Styles must be embedded in another part (xml file) of the OPC container. This is done with only two lines:

   1: StyleDefinitionsPart stylePart = mainPart.AddNewPart<StyleDefinitionsPart>();
   2: stylePart.Styles = GetStyles();

Once defined the styles, you assign the desired style while creating the paragraph:

   1: private Paragraph CreateParagraph(string str, string style)
   2: {
   3:     Paragraph par = new Paragraph(
   4:         GetPropertiesForStyle(style),
   5:         new Run(new Text(str)));
   6:     return par;
   7: }
   8:  
   9: public ParagraphProperties GetPropertiesForStyle(string StyleName)
  10: {
  11:     var element =
  12:         new ParagraphProperties(
  13:             new ParagraphStyleId() { Val = StyleName });
  14:     return element;
  15: }

Formatting the first letter of each paragraph is only a matter of fantasy.
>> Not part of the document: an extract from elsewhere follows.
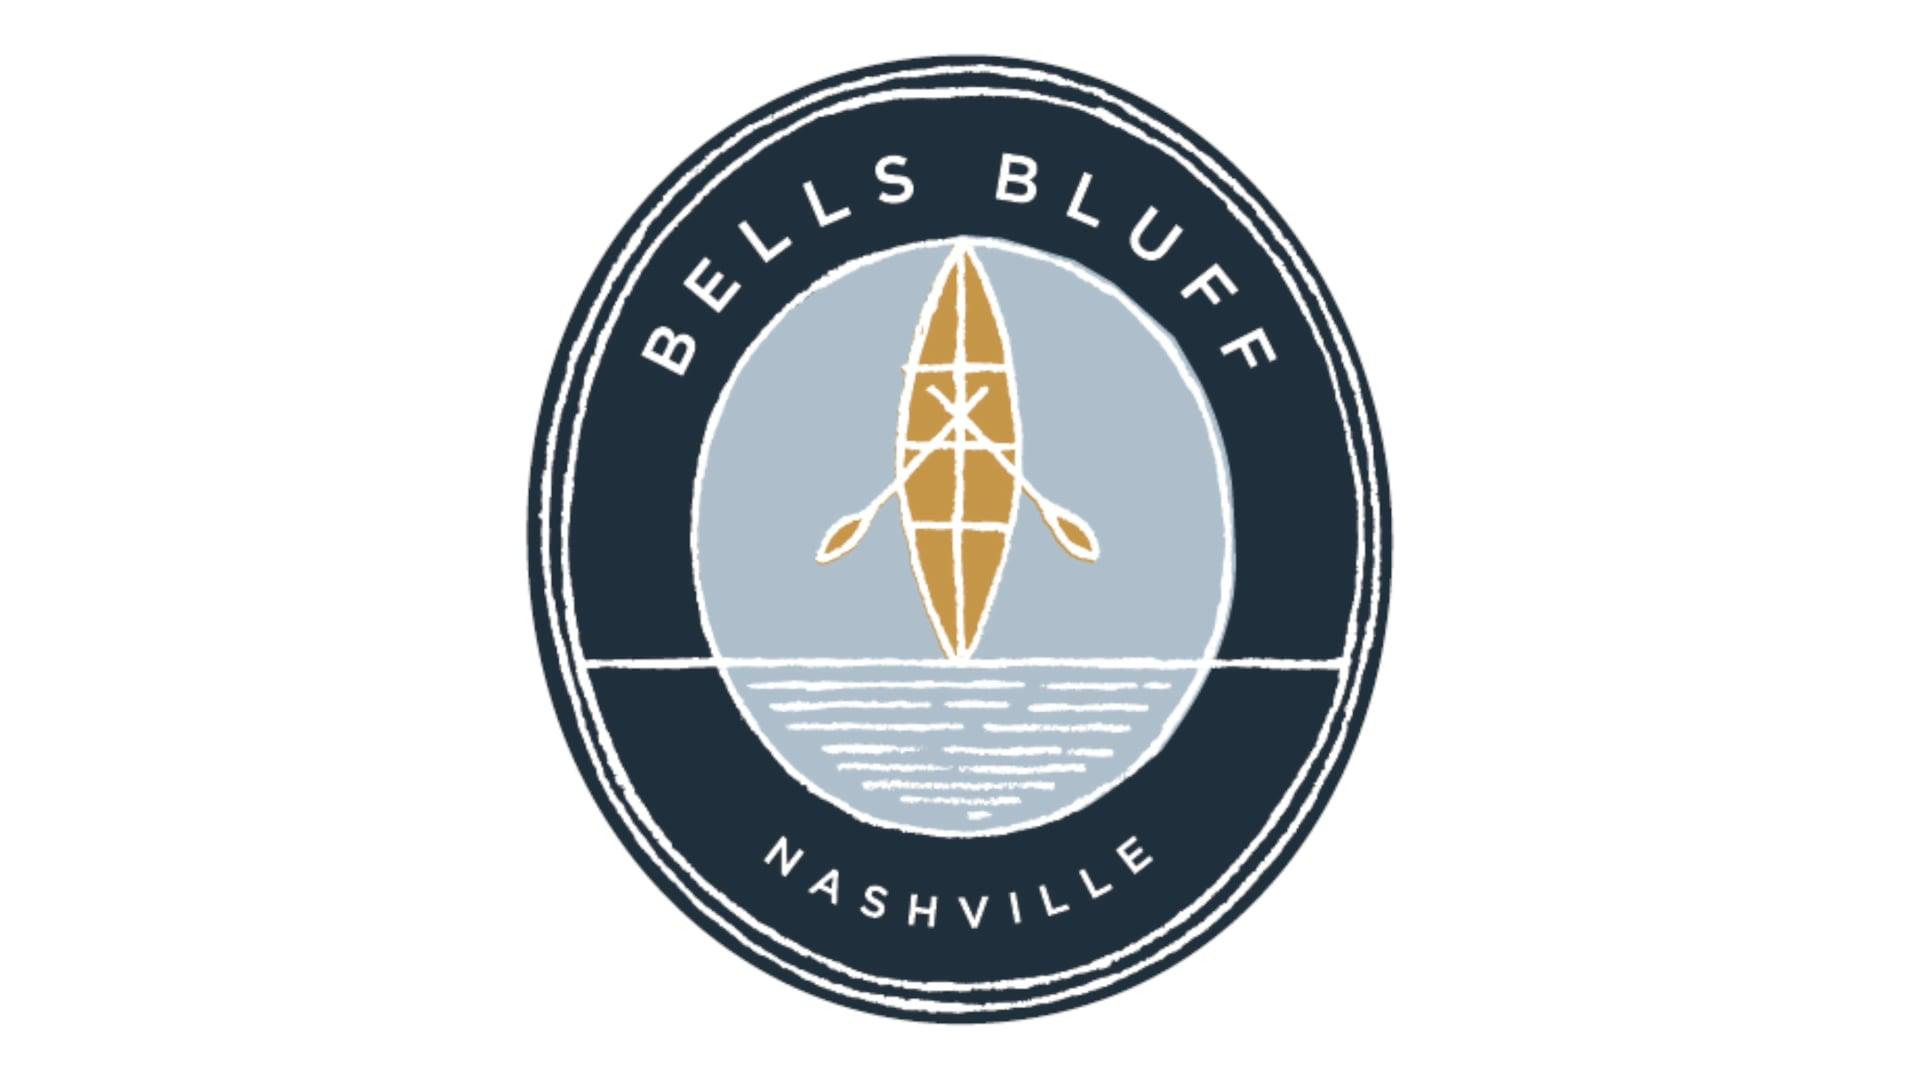 Bells Bluff - Nashville, TN

This is the obvious method implementation:

   1: private Paragraph CreateParagraphFirstLetterBold(string str, string style)
   2: {
   3:     Paragraph par = new Paragraph(GetPropertiesForStyle(style));
   4:  
   5:     if(str.Length == 0)
   6:         return par;
   7:     if(str.Length == 1 || style != "ParaFancy")
   8:     {
   9:         par.Append(new Run(new Text(str)));
  10:         return par;
  11:     }
  12:  
  13:     string FirstChar = str[0].ToString();
  14:     string Rest = str.Substring(1);
  15:  
  16:     par.Append(
  17:         new Run(
  18:             new RunProperties(
  19:                 new Bold(),
  20:                 new FontSize() { Val = 32U }
  21:                 ),
  22:             new Text(FirstChar)
  23:             ),
  24:         new Run(
  25:             new Text(Rest))
  26:             );
  27:  
  28:     return par;
  29: }

Inserting the image is quite tedious and longer, so I simply used the DocumentReflector tool as you will see in the attached sample.

But now there is a last super-important information to include in our document: document properties.
We live in the metadata-age, metadata are fundamental to index, categorize, tag, retrieve the documents and we can add these precious information with few lines of code.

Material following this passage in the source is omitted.